Updating here the question based on feedback from the comments:
I created a new dataframe. (The method here is a little bit inelegant.)
id <- rep(c("1111", "1111", "1111", "1111", "1111"), times = 73)
date <- seq(as.Date("2018-01-01"), as.Date("2018-12-31"), by="days")
# drug <- rep(c("Drug A", "Drug B", "Drug A", "Drug A", "Drug A"), times = 73)
day_supply <- rep(c(1, 2, 3, 4, 5), times = 73)
drug_table <- tibble(id, date, day_supply)
drug_table$date <- as.Date(drug_table$date)

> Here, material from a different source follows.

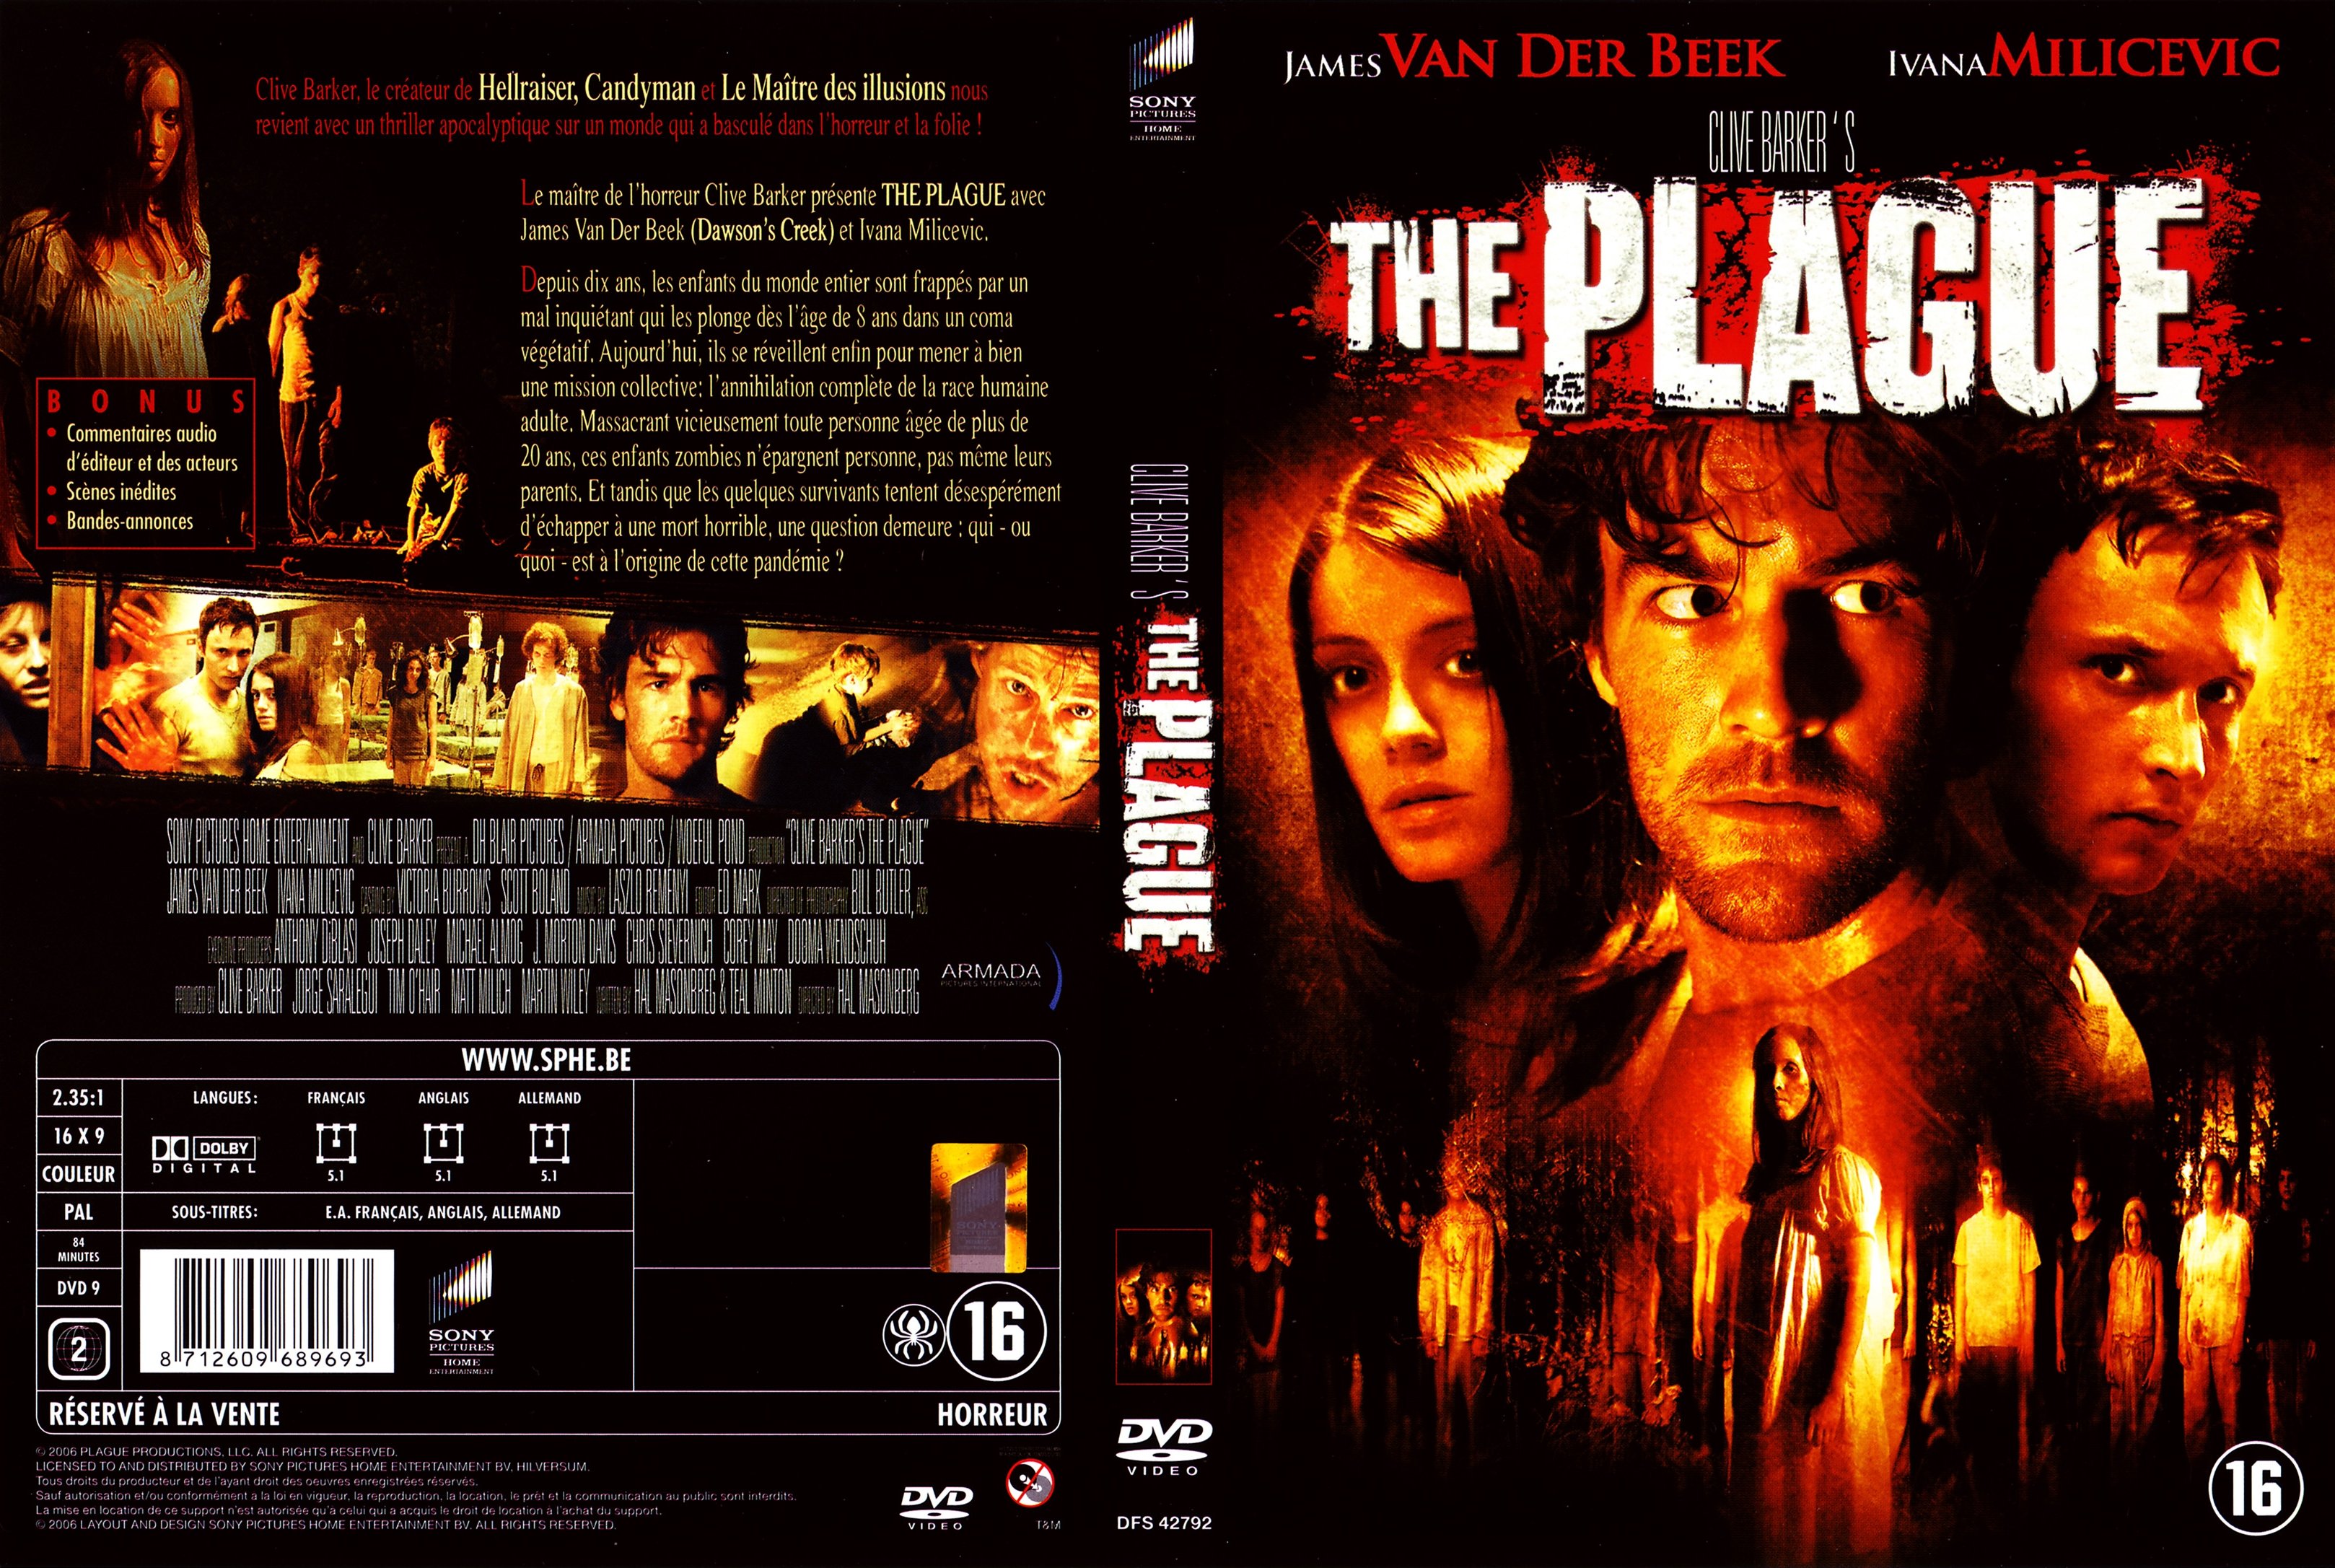 Jaquette DVD The plague

drug_table <- drug_table %>%
slice(which(row_number() %% 6 == 1))
drug_table <- drug_table %>%
filter(date != "2018-01-13") %>%
filter(date != "2018-01-19")
drug_table %>%
mutate(drug_will_be_used_until = date + day_supply) %>%
mutate(refill_gap_at_time_of_new_prescription_since_last_prescription = date - lag(drug_will_be_used_until)) -> drug_table
######
id <- rep(c("2222", "2222", "2222", "2222", "2222"), times = 73)
date <- seq(as.Date("2018-01-01"), as.Date("2018-12-31"), by="days")

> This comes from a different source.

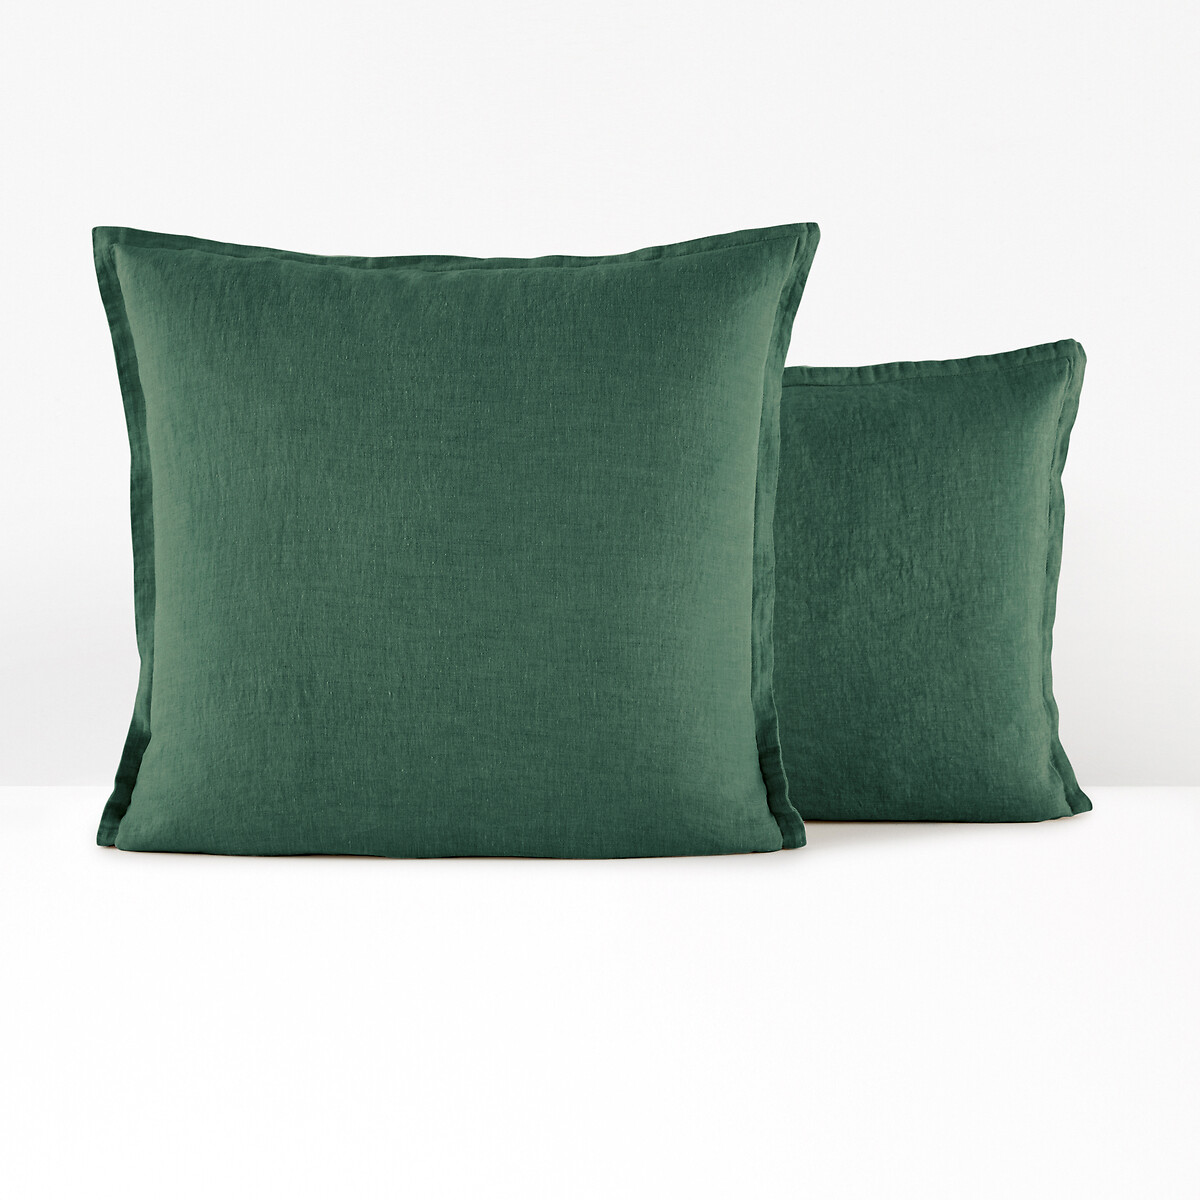 Наволочка Однотонная на подушку или валик из стираного льна 50 x 70 см зеленый

# drug <- rep(c("Drug A", "Drug B", "Drug A", "Drug A", "Drug A"), times = 73)
day_supply <- rep(c(1, 2, 3, 4, 5), times = 73)

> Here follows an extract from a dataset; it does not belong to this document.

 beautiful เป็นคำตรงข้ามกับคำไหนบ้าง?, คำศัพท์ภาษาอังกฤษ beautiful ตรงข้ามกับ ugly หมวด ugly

drug_table2 <- tibble(id, date, day_supply)
drug_table2$date <- as.Date(drug_table2$date)
drug_table2 <- drug_table2 %>%
slice(which(row_number() %% 6 == 1))
drug_table2 <- drug_table2 %>%
filter(date != "2018-01-13") %>%
filter(date != "2018-01-19") %>%
filter(date != "2018-02-12") %>%
filter(date != "2018-02-18") %>%
filter(date != "2018-03-14") %>%
filter(date != "2018-03-20") %>%
filter(date != "2018-04-13") %>%
filter(date != "2018-04-19") %>%
filter(date != "2018-05-13") %>%
filter(date != "2018-05-19") %>%
filter(date != "2018-06-12") %>%
filter(date != "2018-06-18") %>%
filter(date != "2018-06-12") %>%
filter(date != "2018-06-18") %>%
filter(date != "2018-07-12") %>%
filter(date != "2018-07-18") %>%
filter(date != "2018-07-12") %>%
filter(date != "2018-07-18") %>%
filter(date != "2018-08-11") %>%
filter(date != "2018-08-17") %>%
filter(date != "2018-09-10") %>%
filter(date != "2018-09-16") %>%
filter(date != "2018-10-10") %>%
filter(date != "2018-10-16") %>%
filter(date != "2018-11-09") %>%
filter(date != "2018-11-15")
drug_table2 %>%
mutate(drug_will_be_used_until = date + day_supply) %>%
mutate(refill_gap_at_time_of_new_prescription_since_last_prescription = date - lag(drug_will_be_used_until)) -> drug_table2
drug_table_df <- bind_rows(drug_table,
drug_table2)
#####
id2 <- c("1111", "2222")
max_refill_gap_in_best_180_day_stretch <- c(5, 16)
the_180_day_continuous_use_indicator <- c(1, 1)
drug_table_output <- tibble(id2, max_refill_gap_in_best_180_day_stretch, the_180_day_continuous_use_indicator)
In the first case, I have the id "1111" with a dataframe that has one refill gap of 16 days early on. But starting at the end of January, any stretch of 180 days is associated with a maximum refill gap of 5 days.
In the second case, I have the id "2222" but less frequent visits mean that there's a refill gap of 16 days that occurs pretty much every month. So in any 180 day stretch, there's going to be a refill gap of 16 days.
So we can say with patient 1111, there exists a 180 day stretch where the maximum refill gap is under 7 days. But with patient 2222, there doesn't exist any 180 day period where the maximum refill gap is under 7 days.